#### What you should do:
Everything from the line that has "Картридж NV Print MLT-D203U" to the last line of the listing must be repeated exactly, and nothing more; omit the pictures.

#### The data:
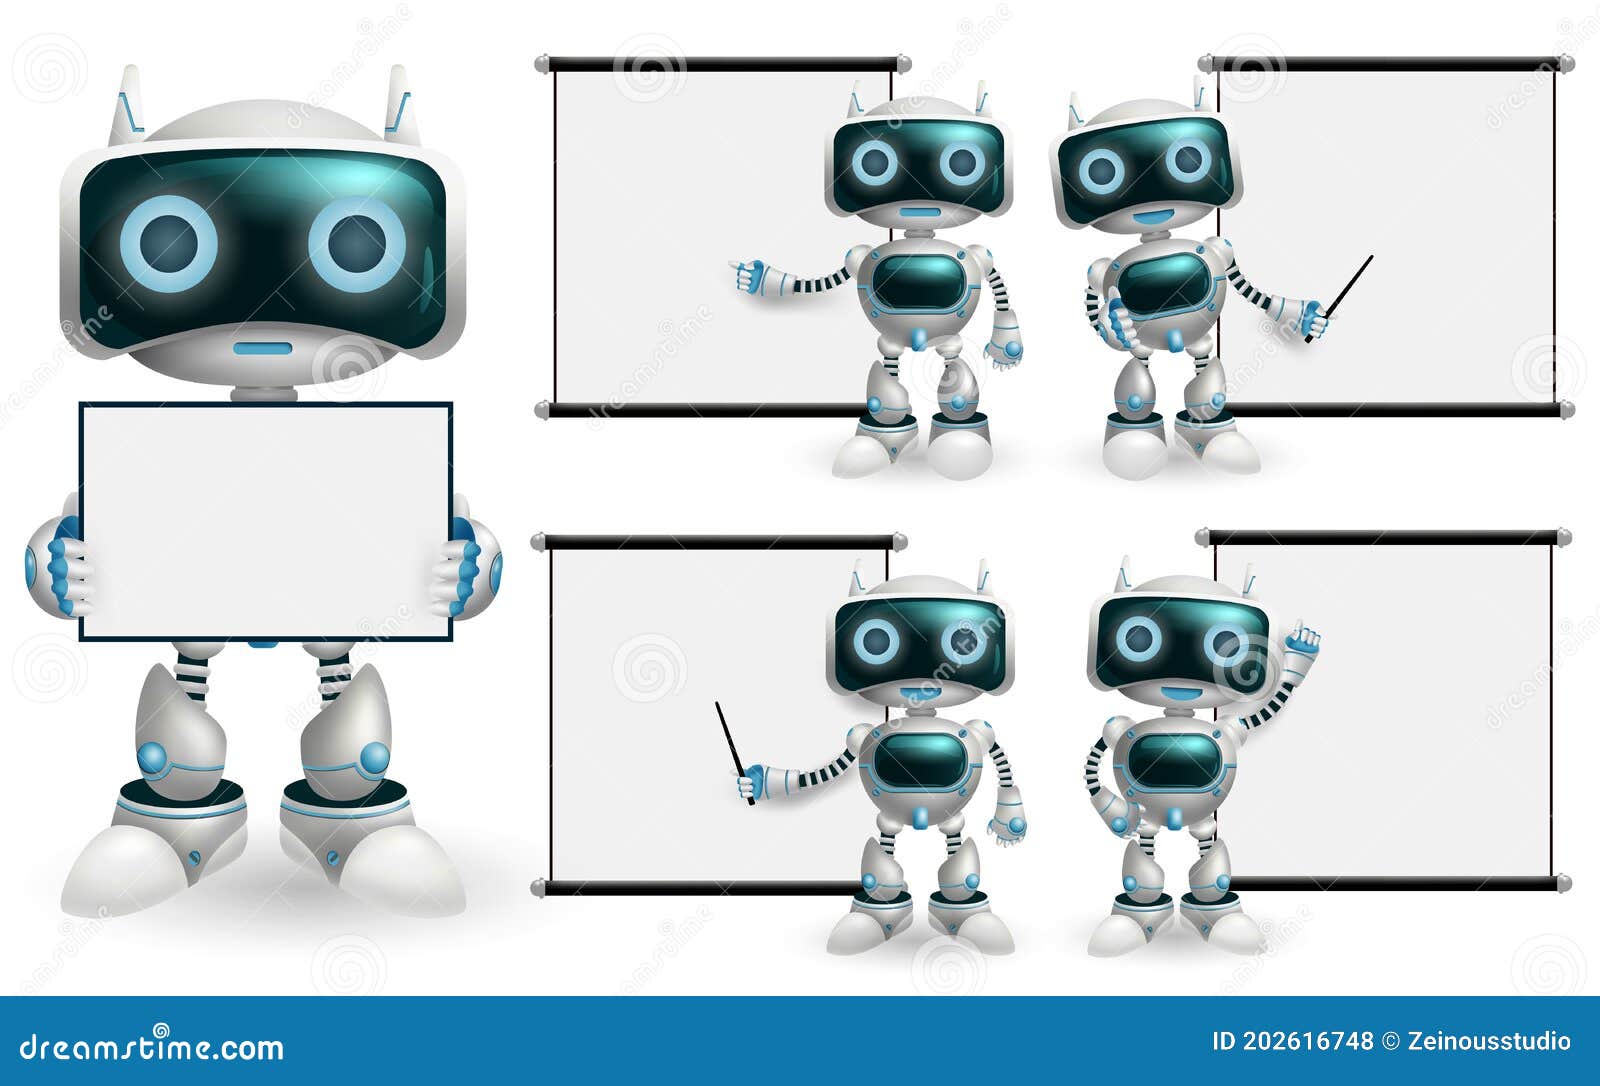 Robot Characters Presentation Vector Set. Robots Character With Robotic ...
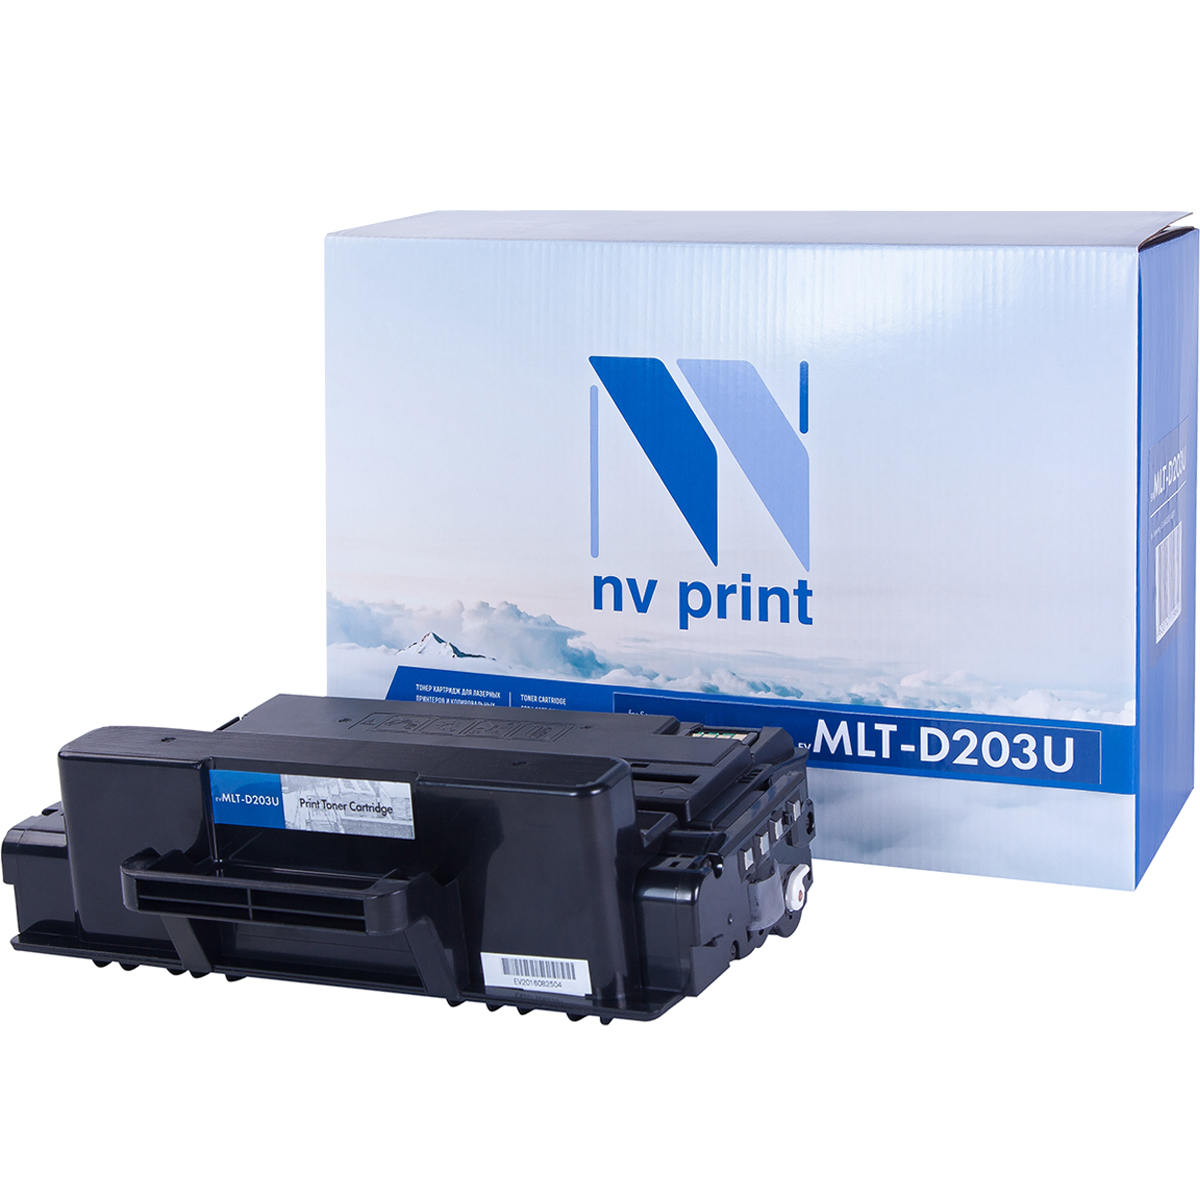 Картридж NV Print MLT-D203U для Samsung ProXpress M4020ND/M4070FR (15000k) картридж nv print mlt d203u для samsung proxpress m4020nd m4070fr 15000k черный
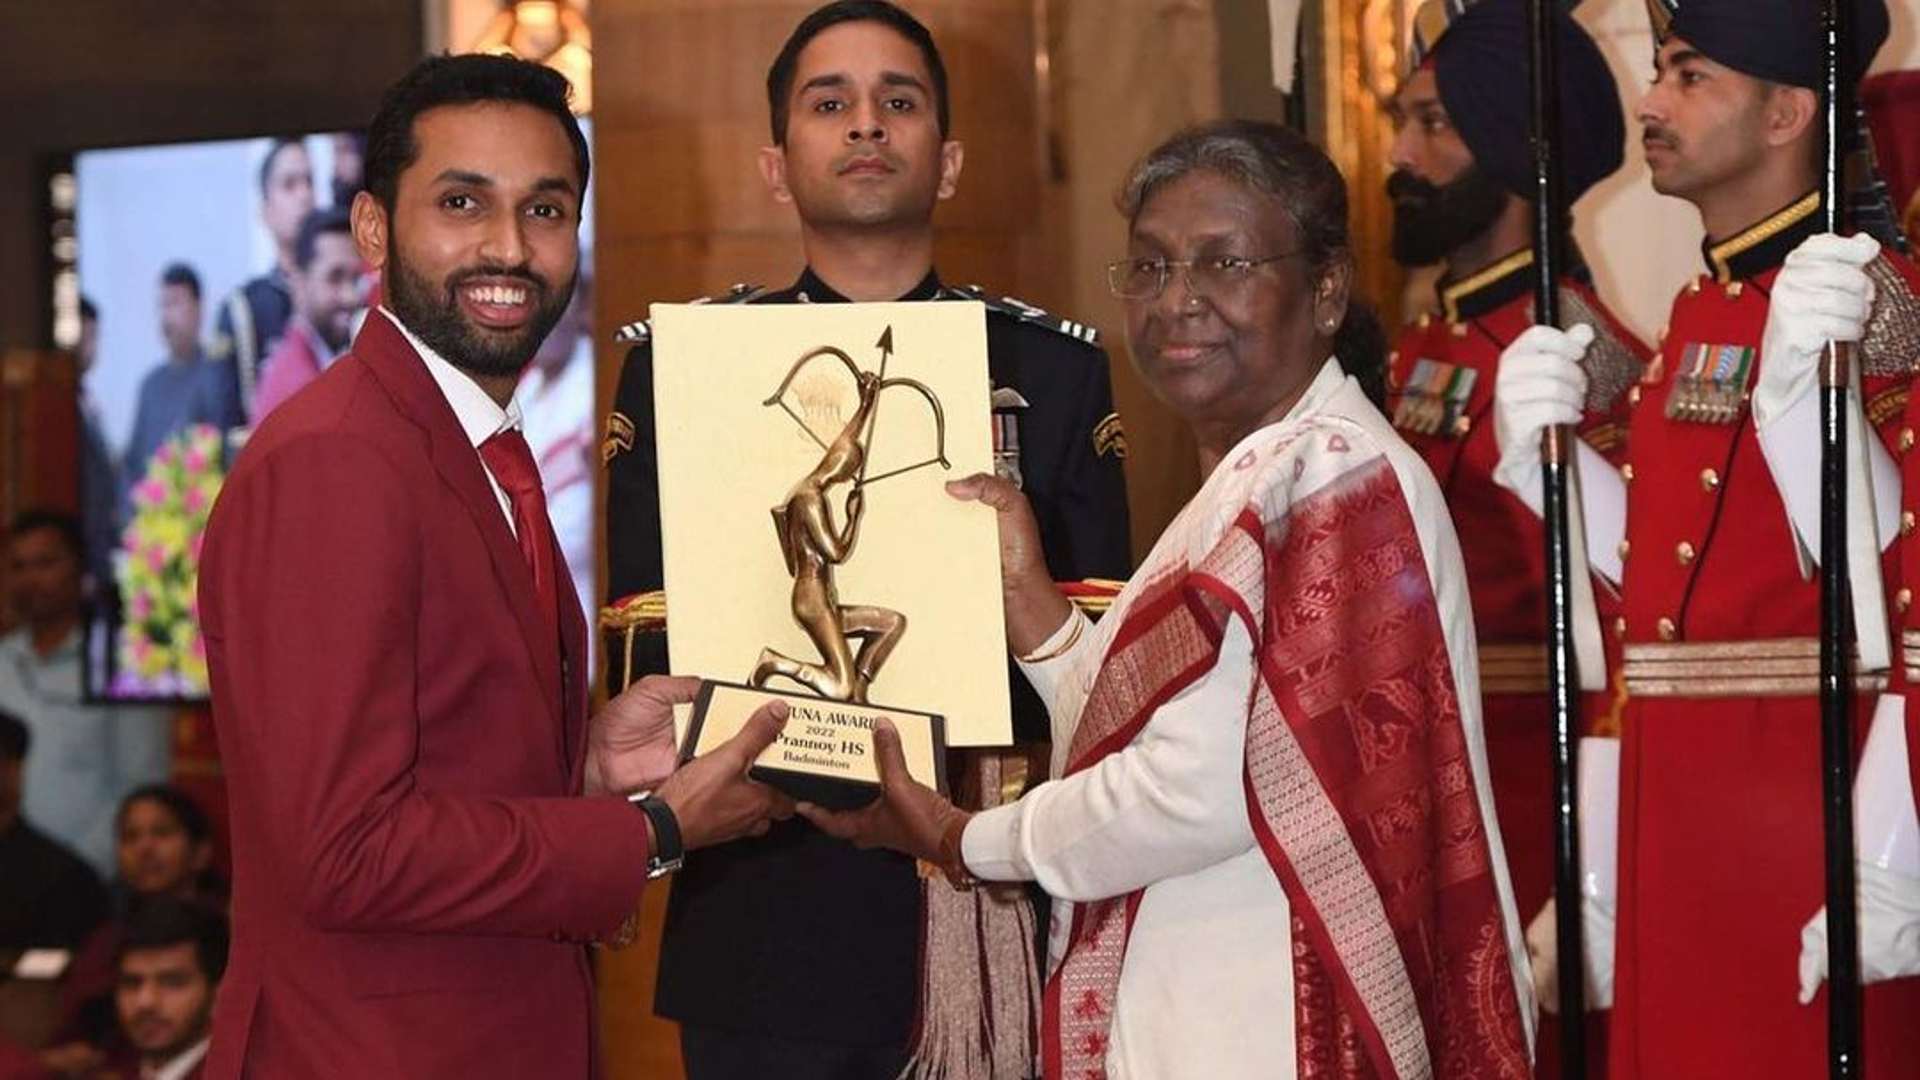 Prannoy receiving the Arjuna Award from the President of India, Droupadi Murmu (Image Credits - Instagram/ @prannoy_hs_)
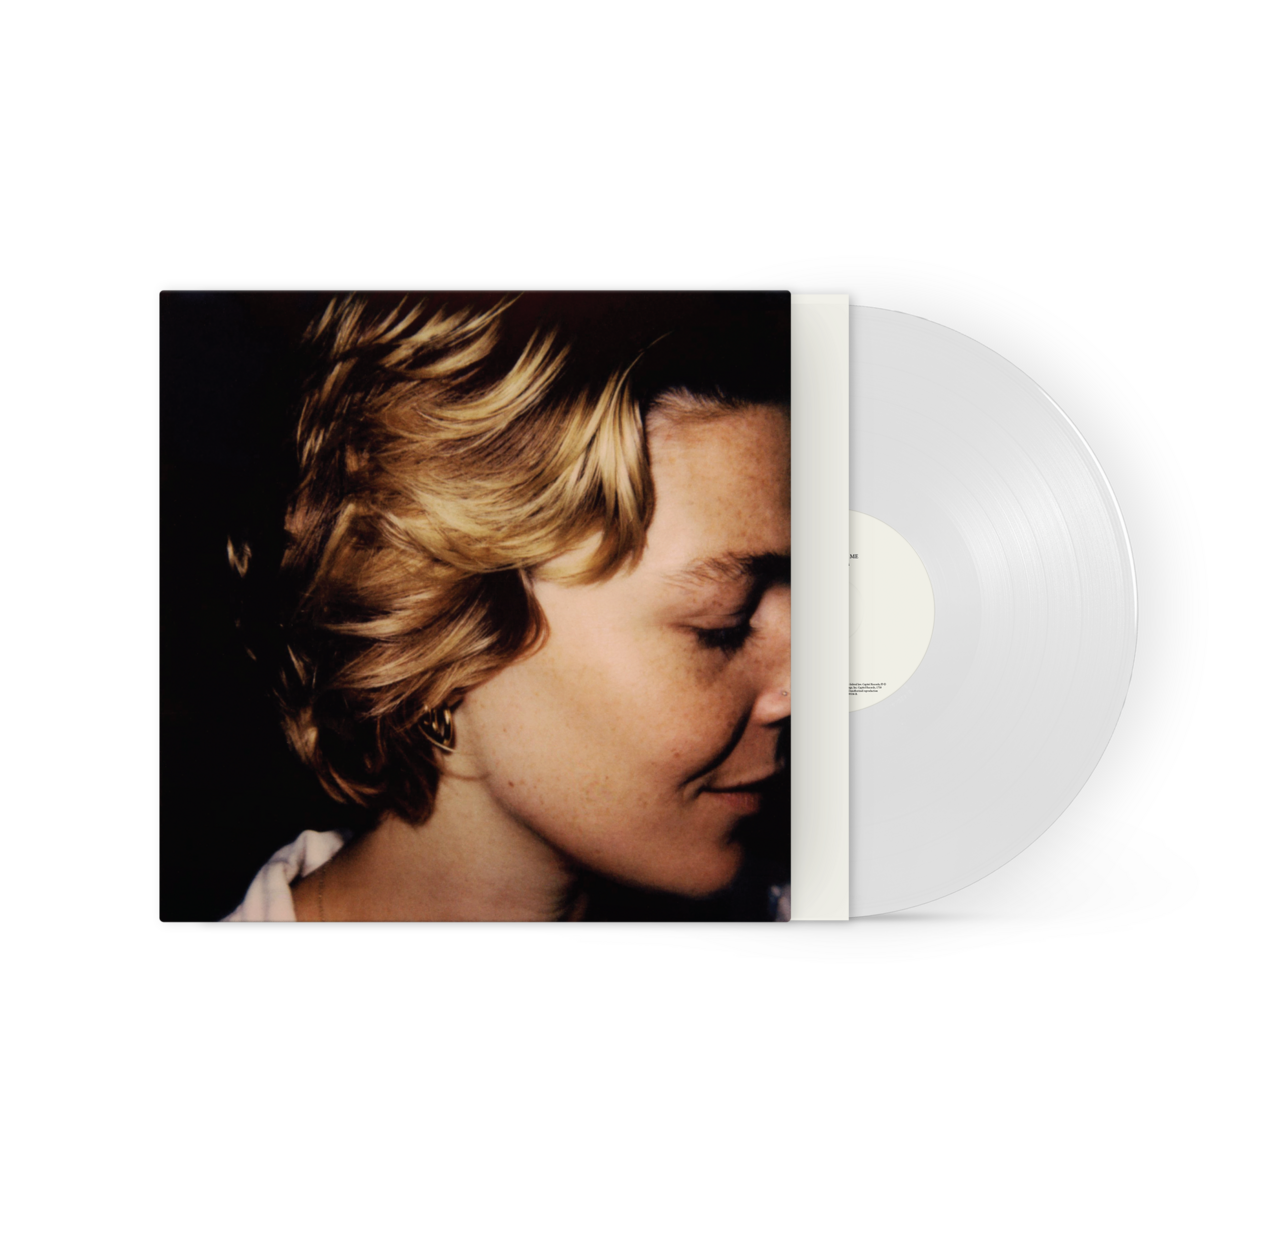 Don't Forget Me: Limited 'Milk' White Vinyl LP, CD + Signed Art Card

#### Answer box:
 Картридж NV Print MLT-D203U для Samsung ProXpress M4020ND/M4070FR (15000k) картридж nv print mlt d203u для samsung proxpress m4020nd m4070fr 15000k черный
 Prannoy receiving the Arjuna Award from the President of India, Droupadi Murmu (Image Credits - Instagram/ @prannoy_hs_)
 Don't Forget Me: Limited 'Milk' White Vinyl LP, CD + Signed Art Card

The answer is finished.